My newest hobby (I don't have enough).

Lucky is the grey one (Swedish, probably black). Lucky was the only survivor of the lovely USPS shipping system. 17 of his friends were crushed. Hence the name. About a week old in this picture. The other two my daughter named Cheese and Quackers. Not my fault. They are magpies, I bought them at the feed store to keep Lucky company. About a week older.







And, these are my replacement ducklings. All survived. I was supposed to have 18, but only got 16 because the shippers made a mistake. I wasn't too upset, they were alive... They are two days old. It seems that ducklings double in size every week for at least the first two weeks...


----------



## SlipperFan (Jun 2, 2013)

So, what are you going to do with these cute fuzzy things???


----------



## jjkOC (Jun 2, 2013)

Awww... ducklings... and none of them ugly!


----------



## littlefrog (Jun 2, 2013)

SlipperFan said:


> So, what are you going to do with these cute fuzzy things???



Duck eggs are yummy. And the plan is to turn drakes into dinners. Assuming the kids haven't named them all and made them pets.


----------



## NYEric (Jun 3, 2013)

If they only knew!


----------



## biothanasis (Jun 3, 2013)

NYEric said:


> If they only knew!



:rollhappy::rollhappy:

cute little ducks!!!


----------



## Heather (Jun 3, 2013)

Adorable! We give our dog duck shaped treats called Quackers (and they're cheese flavored!)
Very sad about the first back you received.


----------



## bullsie (Jun 3, 2013)

Blue Swedish. Don't see much of the Black Swedish anymore. I liked them. Not big quackers. A more quieter duck. Black Cayugas never shut up. Could hear them for miles! One of those 'hey predators here I am' sounds. Buff was nice too. 

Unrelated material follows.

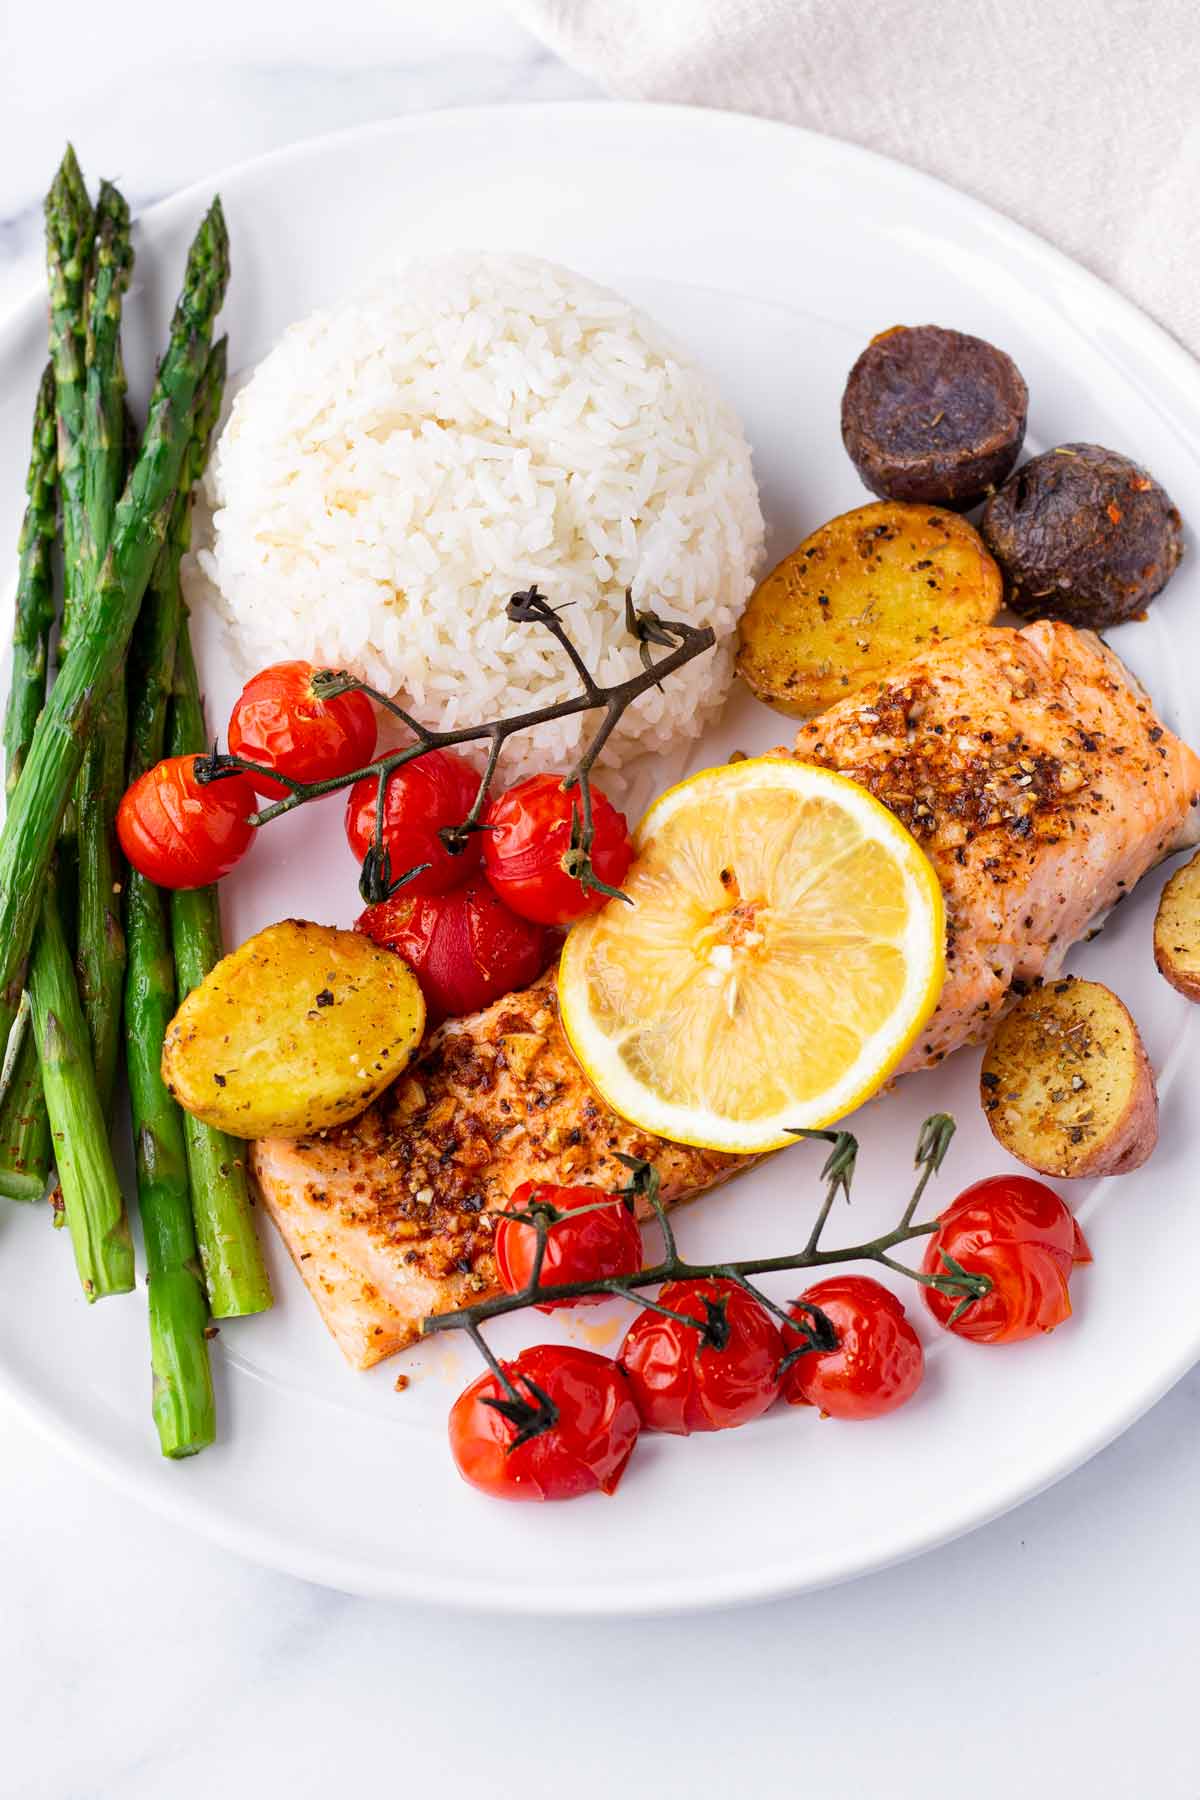 a plate with asparagus, tomatoes, potatoes, salmon, and rice

I had an order of non bearded white silkie chicks that came in frozen one time. Only one chick, an odd guy that was thrown in the box to make up a full order, a white sc leghorn survived. He was cheaping away from the center of the pile. It was February and for once one of the few days the sun was out hot and shiny. After leaving the post office with instructions for the loss, we put all the little 'frozen' chicks on the dash in the blazing hot sun and revived about half of them. Ah the post office!


----------



## SlipperFan (Jun 3, 2013)

littlefrog said:


> Duck eggs are yummy. And the plan is to turn drakes into dinners. Assuming the kids haven't named them all and made them pets.


I hope you don't have trouble with zoning....


----------